OUR STRENGTH IS OUR PEOPLE

Train Kentucky Workers
The overarching challenge facing our state is to position Kentucky to succeed and prosper in the economy of the future. That means supporting our coal industry, expanding agricultural markets and rebuilding our manufacturing base, but it also means training and providing workers for the new occupations and entrepreneurial opportunities that are emerging in a rapidly transforming global economy.

Bridge the skills gap
Building a modern workforce is critical to growing Kentucky’s economy. Job creation and economic growth are stifled when Kentucky industries are unable to hire sufficiently trained workers. According to the National Skills Coalition, “In 2009, about 54 percent of Kentucky’s jobs were in middle-skill occupations. But only 45 percent of the state’s workers likely have the appropriate training for these jobs.”41 And by 2018, 54 percent of all Kentucky jobs will demand a level of training beyond high school.42 Instead of striving to advance our workforce, Mitch McConnell has blocked jobtraining programs for Kentucky. In March 2011, Mitch McConnell supported a budget that would have cut education and training by 53 percent,43 and he later voted for a continuing resolution that would have cut $47 million in job-training funds for Kentucky and cost our state nearly 10,000 jobs.44 Over the past decades, Mitch McConnell has repeatedly voted against expanding job-training programs.45 As a result, Mitch McConnell’s obstruction has done nothing to enhance the lives of hard-working men and women and only stifled expansion of Kentucky’s middle class. We must do more to bridge the skills gap in Kentucky. As Senator, I will work to help establish a national emphasis at the K-12 level on science, computer, math and engineering skills. I believe we also must encourage collaboration between community and technical colleges and industry, expanding apprenticeships and on-the-job training programs. We should provide incentives to companies to make job training available for workers interested in improving their skill sets.

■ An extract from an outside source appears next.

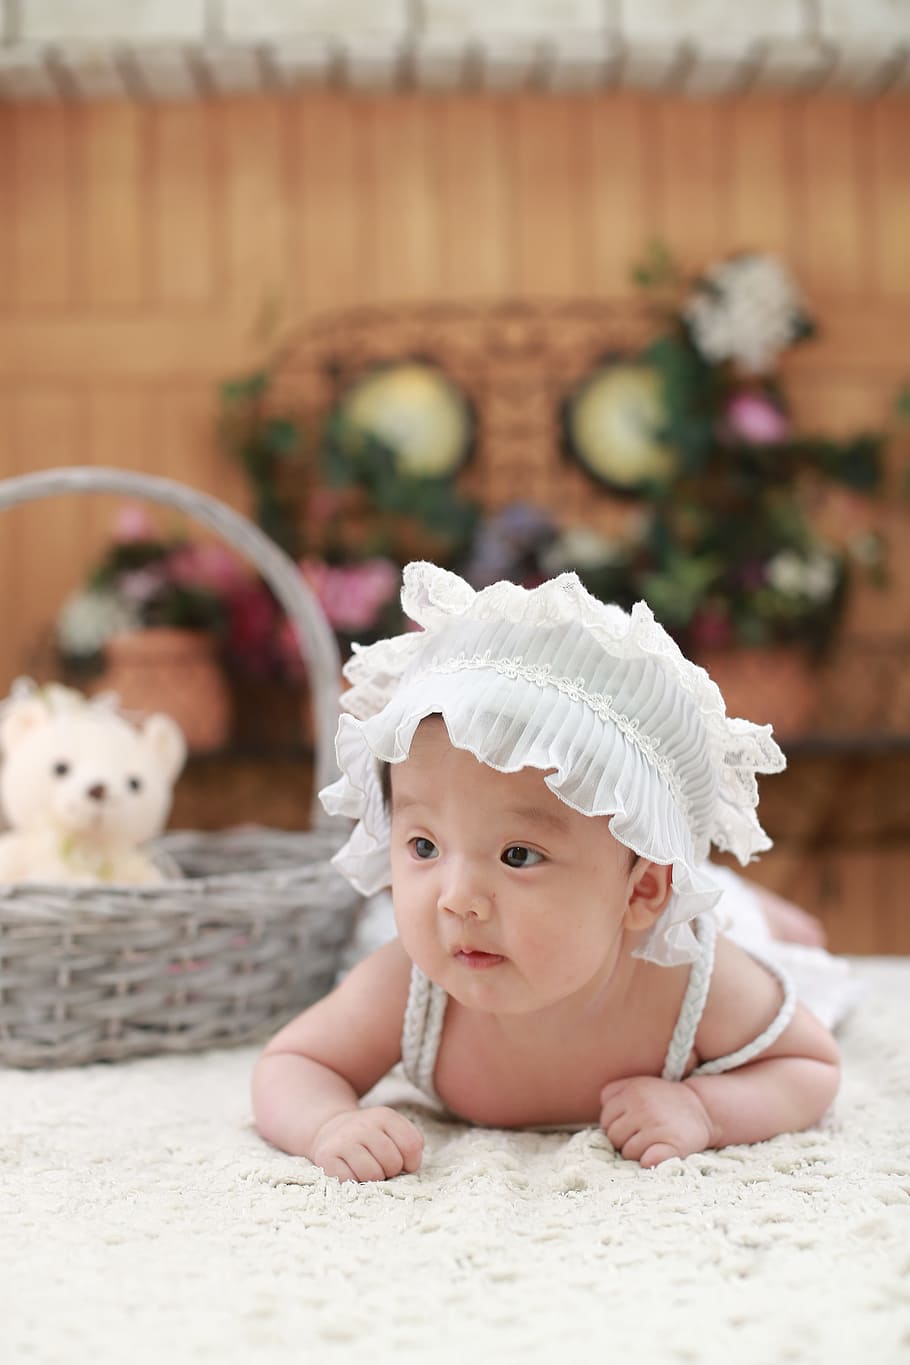 赤ちゃん, 身に着けている, 白, 頭飾り, 横に, グレー, 枝編み細工品バスケット, かわいい, 萌え, 華麗です

Prepare Kentucky workers for the jobs of tomorrow
It is vitally important that all of Kentucky have access to quality Internet access. I will tirelessly fight for federal and business help to bring broadband expansion to rural areas and lure groundbreaking high-bandwidth service to our cities. Broadband, connectivity and computer science – these are topics that no Kentucky leader can talk about enough. Mitch McConnell has been missing in action in this fight. I will be on the front lines. Technology can also be used to create more urban and regional one-stop job centers that align training with available jobs by providing job seekers and job counselors with the information and tools they need. Government and business can be partners in these enterprises to ensure that workers are being trained for jobs that employers need to fill. Community and technical colleges should also receive financial assistance to offer courses that help laid-off and unemployed workers, including former coal miners, to develop skills aligned with what employers need.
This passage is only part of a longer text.